My cousin Laura gave me this recipe a few years ago and we love it for special occasions! These burgers are out of this world, I'm telling y'all!
- 1 750-ml bottle Cabernet Sauvignon (we use two buck chuck)
- 1/4 cup minced shallots
- 9 tablespoons unsalted butter, room temperature
- 2 teaspoons golden brown sugar (we only use one)
- 1 tablespoon minced fresh rosemary
- 1 1/2 pounds ground beef
- 1 teaspoon salt
- 1/2 teaspoon ground black pepper
- 1 cup (packed) coarsely grated extra-sharp white cheddar cheese (we use slices)
- 4 4 1/2-inch squares focaccia, cut horizontally in half (we use onion buns)
- 8 large tomato slices (we omit)
- 2 cups arugula (we omit)
Boil wine and shallots in medium saucepan until reduced to 3/4 cup, about 20 minutes. Add 1 tablespoon butter and brown sugar; whisk until butter melts and sugar dissolves. Remove from heat.
Mix remaining 8 tablespoons butter and rosemary in small bowl. Set aside.

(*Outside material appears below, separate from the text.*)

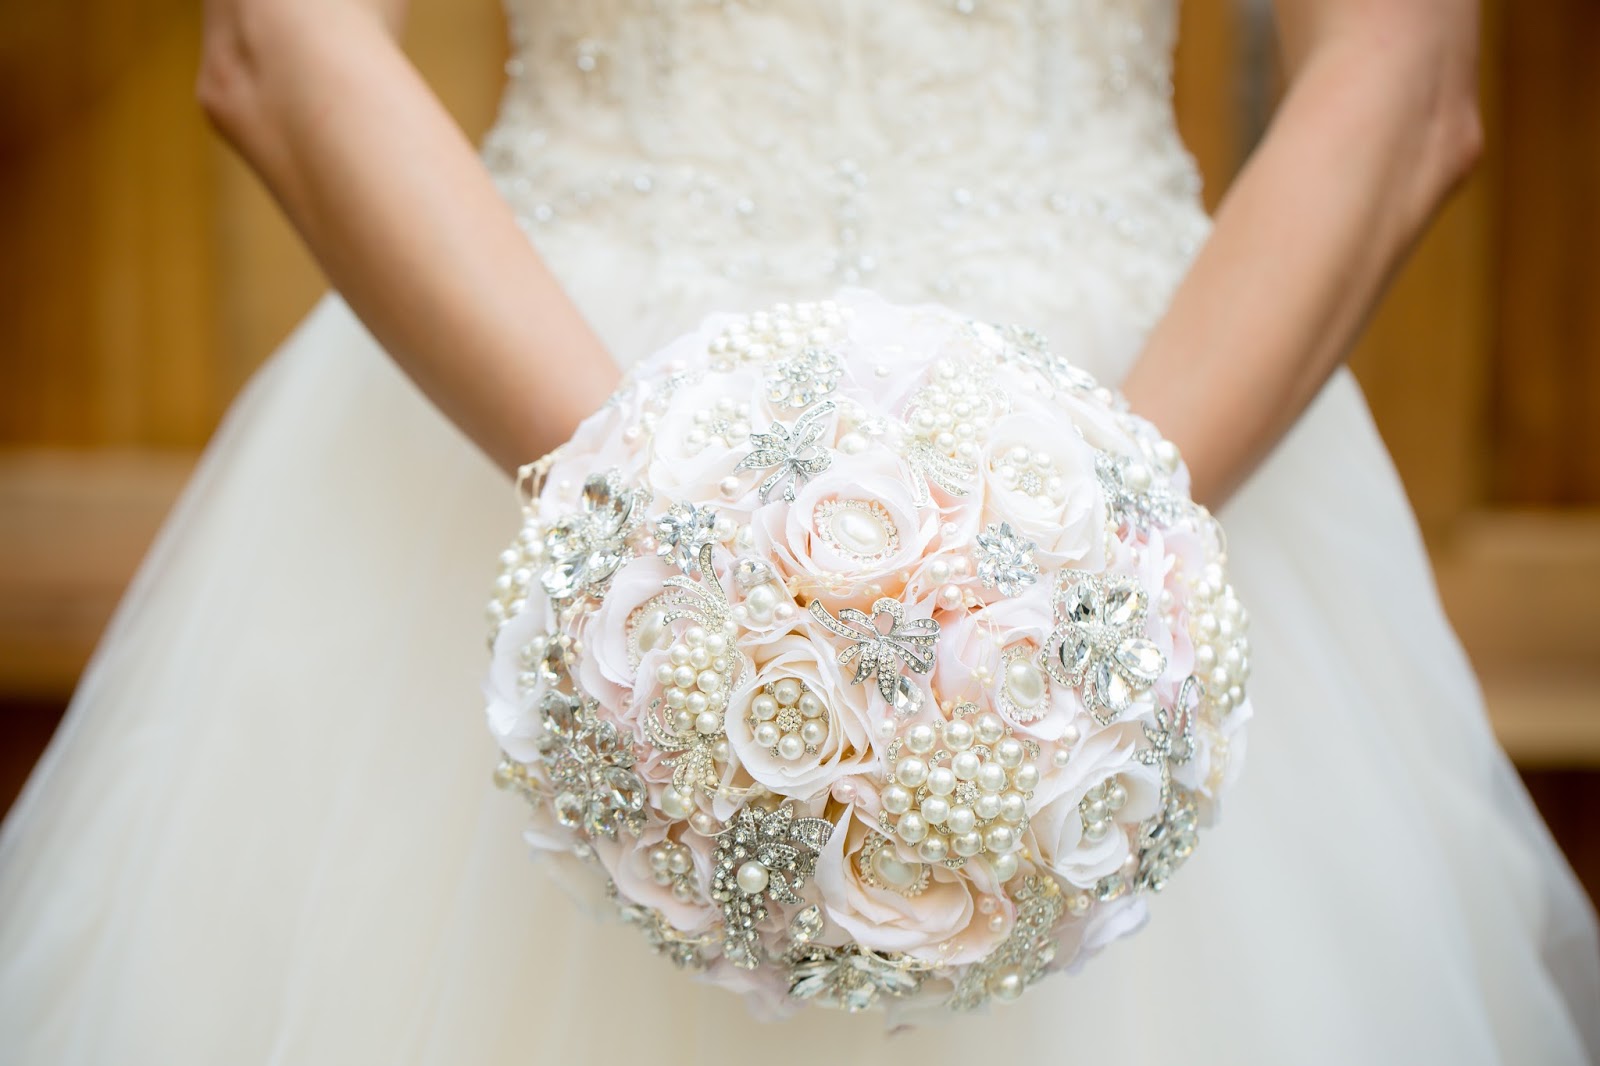 Bride with bouquet

Prepare grill (medium-high heat). Mix beef, salt, pepper, and 1/4 cup wine-shallot mixture in bowl. Form meat into four 5-inch squares or rounds. Grill burgers until brown on bottom, about 3 minutes. Turn burgers and brush with wine-shallot mixture. Continue grilling burgers until cooked to desired doneness, turning and brushing occasionally with wine-shallot mixture, about 4 minutes longer for medium-rare. Sprinkle with cheese after last turn and grill until cheese melts.
Spread cut sides of bread with rosemary butter. Grill, cut side down, until golden, about 2 minutes.
Arrange bread, grilled side up, on plates. Top bottom halves with burgers, then tomatoes and arugula. Cover with top halves of bread.